Data Retention Policies
Conversation Data
Moltbot retains conversation context in active sessions. Sessions remain active until explicitly cleared by the user or until a configured timeout expires. There is no indefinite retention of conversation content on the platform side.
On Finna, you can manage session retention through the dashboard. Clear individual sessions, reset all sessions, or configure automatic session expiration.
Audit Logs
Finna retains audit logs (who did what and when) for seven years to meet SOC2 and ISO 27001 requirements. These logs contain metadata about actions taken (gateway created, configuration changed, user authenticated) but do not contain conversation content.
Backups
Understand your backup situation. Database backups may contain snapshots of data that has been "deleted" from the live system. Finna uses Neon PostgreSQL, which provides point-in-time recovery. Discuss backup retention periods and encryption with your provider if this is a concern.
Auditing Your AI Assistant's Data
What to Check
Periodically audit what data your AI assistant stores and processes:
- Active sessions: Review what conversation context is currently stored. Clear sessions you no longer need.
- Stored files: Check the workspace directory for files the assistant has created. Delete anything that contains sensitive information and is no longer needed.
- Channel connections: Review which messaging channels are connected. Disconnect channels you no longer use.
- API keys: Verify which API keys are configured. Remove keys for services you no longer use.
- Audit logs: Review recent activity for any unexpected access patterns.
Setting Up a Privacy Routine
Establish a regular privacy maintenance routine:
- Weekly: Clear old conversation sessions
- Monthly: Review connected channels and stored files
- Quarterly: Rotate API keys, review model provider data policies, check audit logs for anomalies
Practical Privacy Recommendations
For Personal Use
- Choose messaging channels with strong native privacy (Signal, WhatsApp with E2E encryption)

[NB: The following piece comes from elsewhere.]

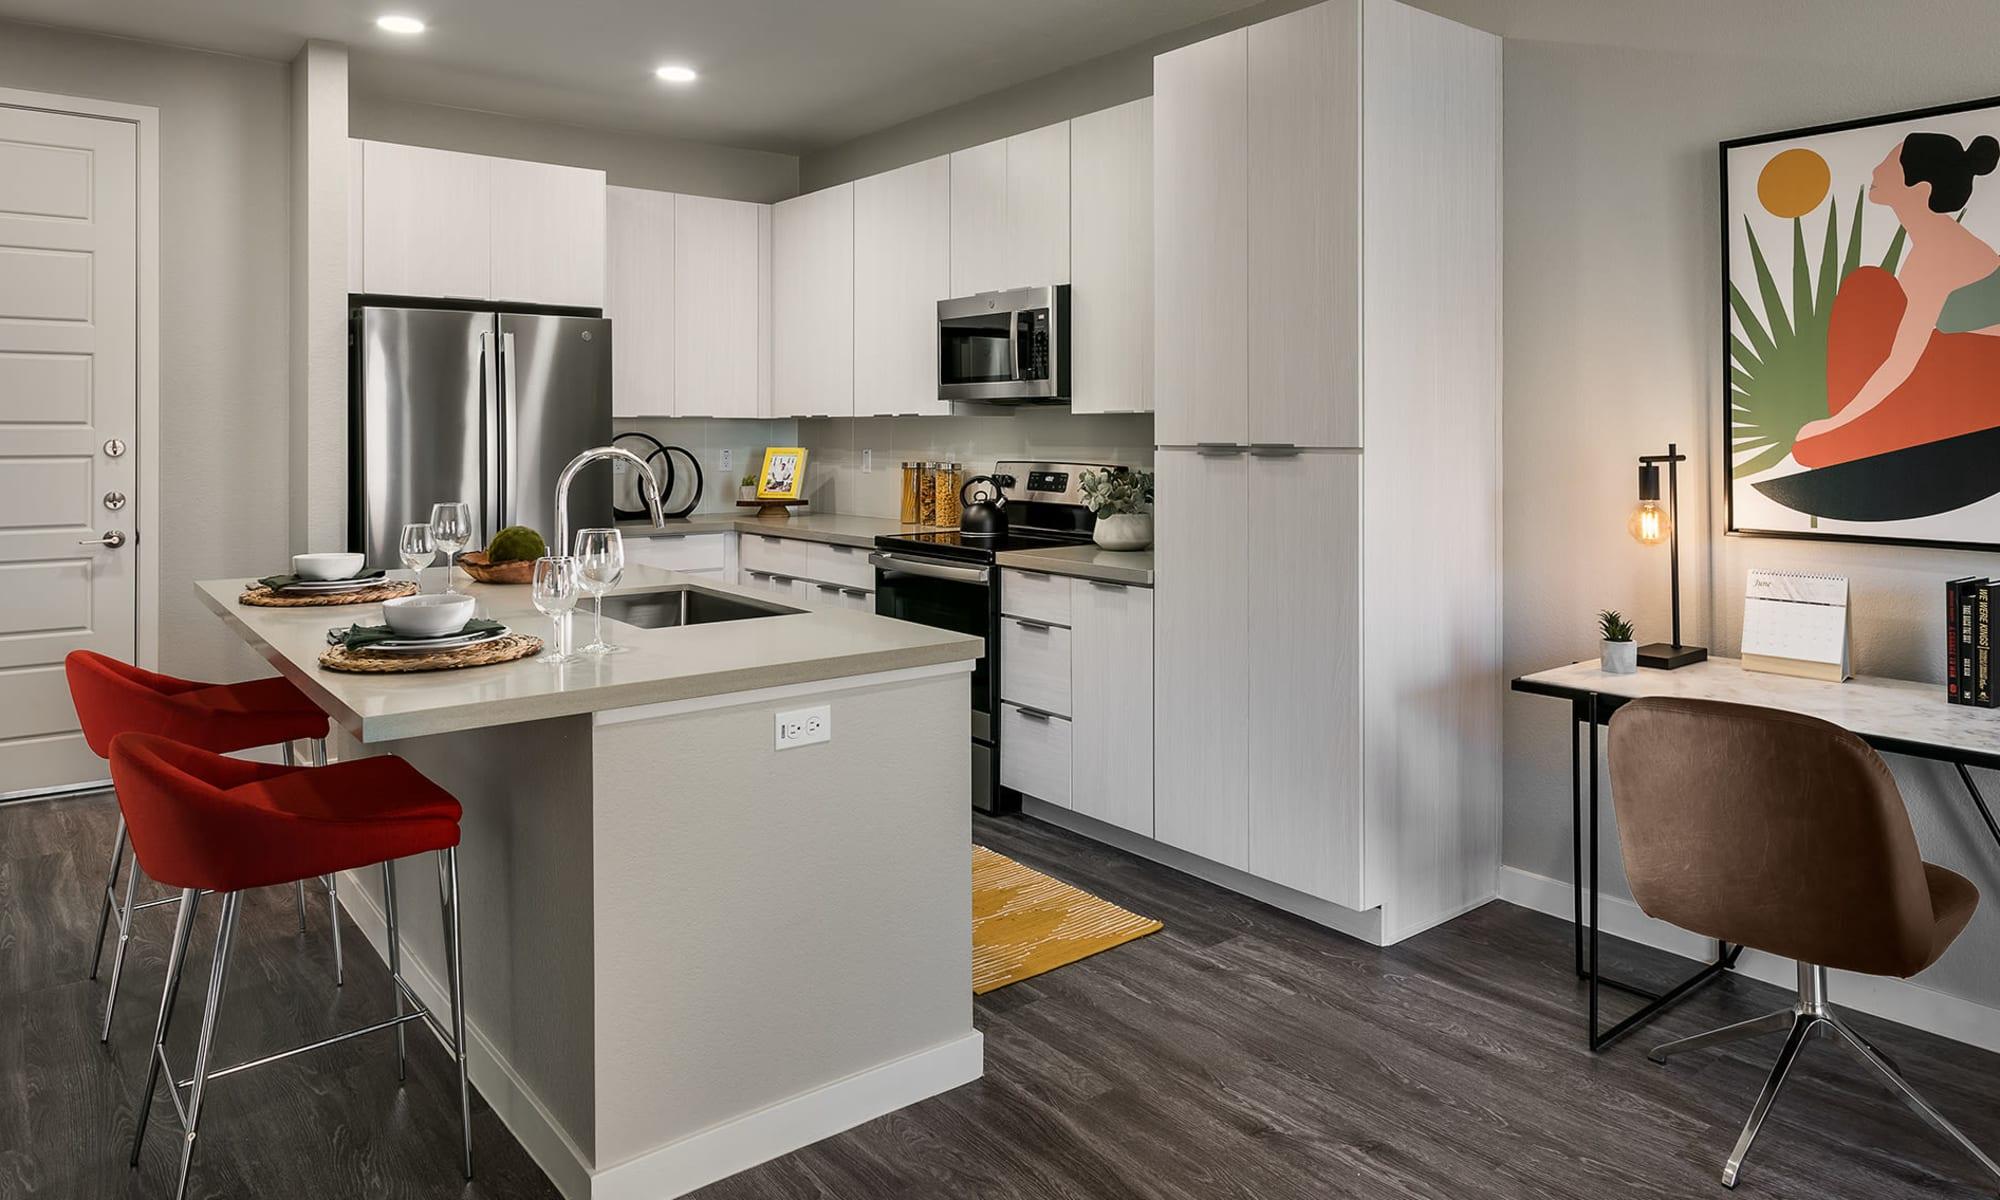 Apartments in Phoenix, Arizona at ArLo
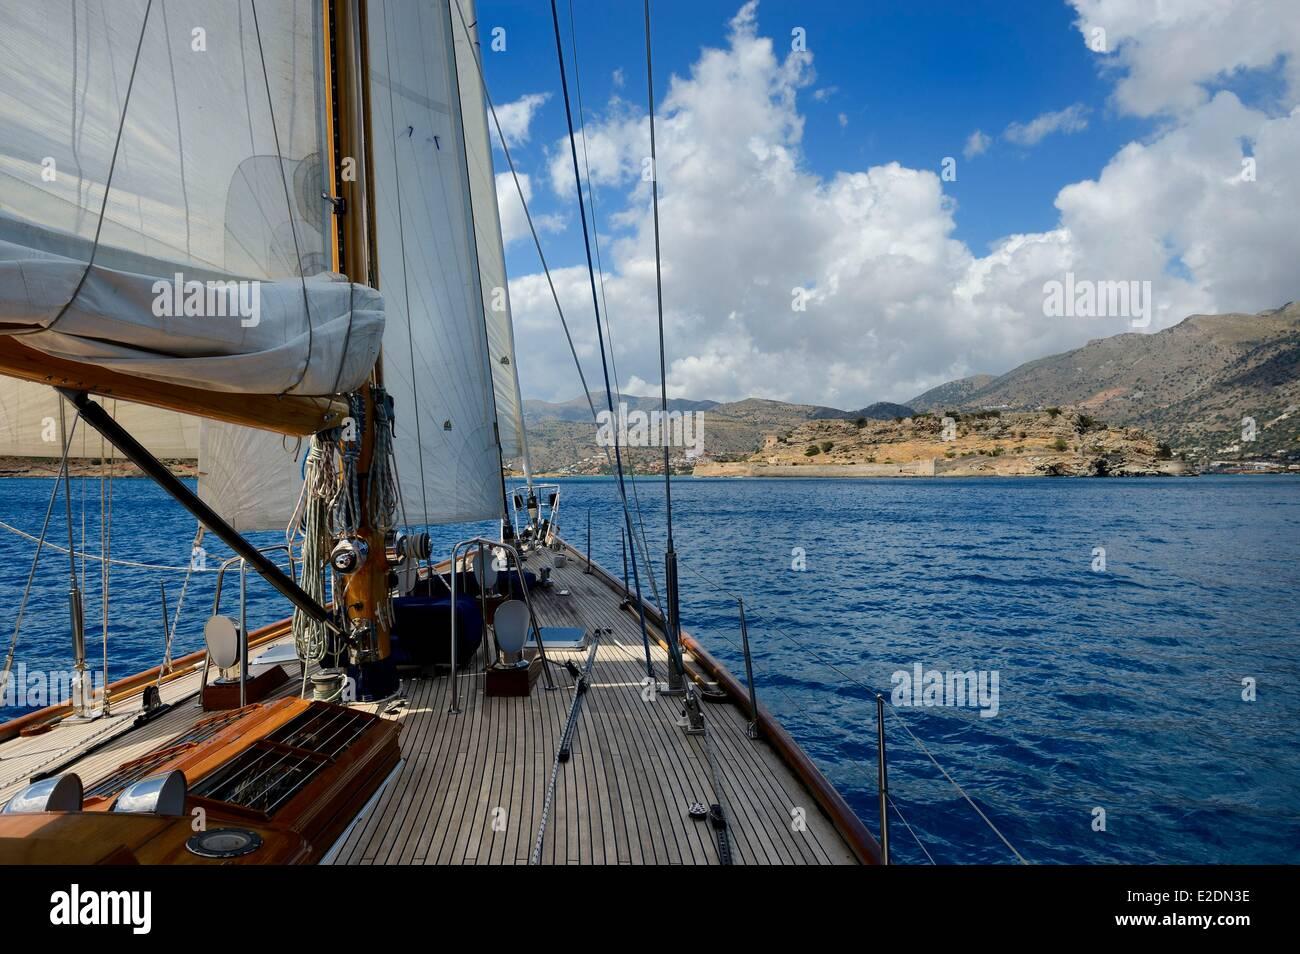 Greece Crete Agios Nikolaos region Elounda 22 meters sailing boat next to island Spinalonga Fort (Kalydon) Venetian - Stock Image

- Use a model provider with clear no-training policies on API data
- Clear sessions regularly
- Do not share information you would not want a third party to see, even briefly
For Business Use
- Deploy on Finna or self-host for tenant isolation
- Use per-tenant encryption for API keys and credentials
- Enable audit logging for compliance
- Establish data classification policies - define what types of information are appropriate for AI assistant processing
- Review model provider data processing agreements annually
- Train team members on responsible AI assistant usage
For Regulated Industries
- Verify that your model provider's data handling meets your regulatory requirements
- Use encryption at rest and in transit at every layer
- Implement data retention policies aligned with your compliance framework
- Maintain comprehensive audit logs
- Consider providers that offer zero-retention API access for sensitive workloads
The Privacy Spectrum
Perfect privacy with AI assistants is not possible if you want useful functionality. The assistant needs to see your messages to respond to them, and language model inference requires sending data to a model provider. The question is not whether data flows to third parties but how much control you have over that flow.
The spectrum runs from centralized services (least control) through managed platforms like Finna (moderate control with isolation) to fully self-hosted with local models (maximum control, maximum effort).
Choose the point on this spectrum that matches your actual needs. Most people and organizations find that the managed model - strong isolation, encrypted storage, clear data policies, and no operational burden - hits the right balance between privacy and practicality.
What matters most is making an informed choice rather than a default one. Now you have the information to do exactly that.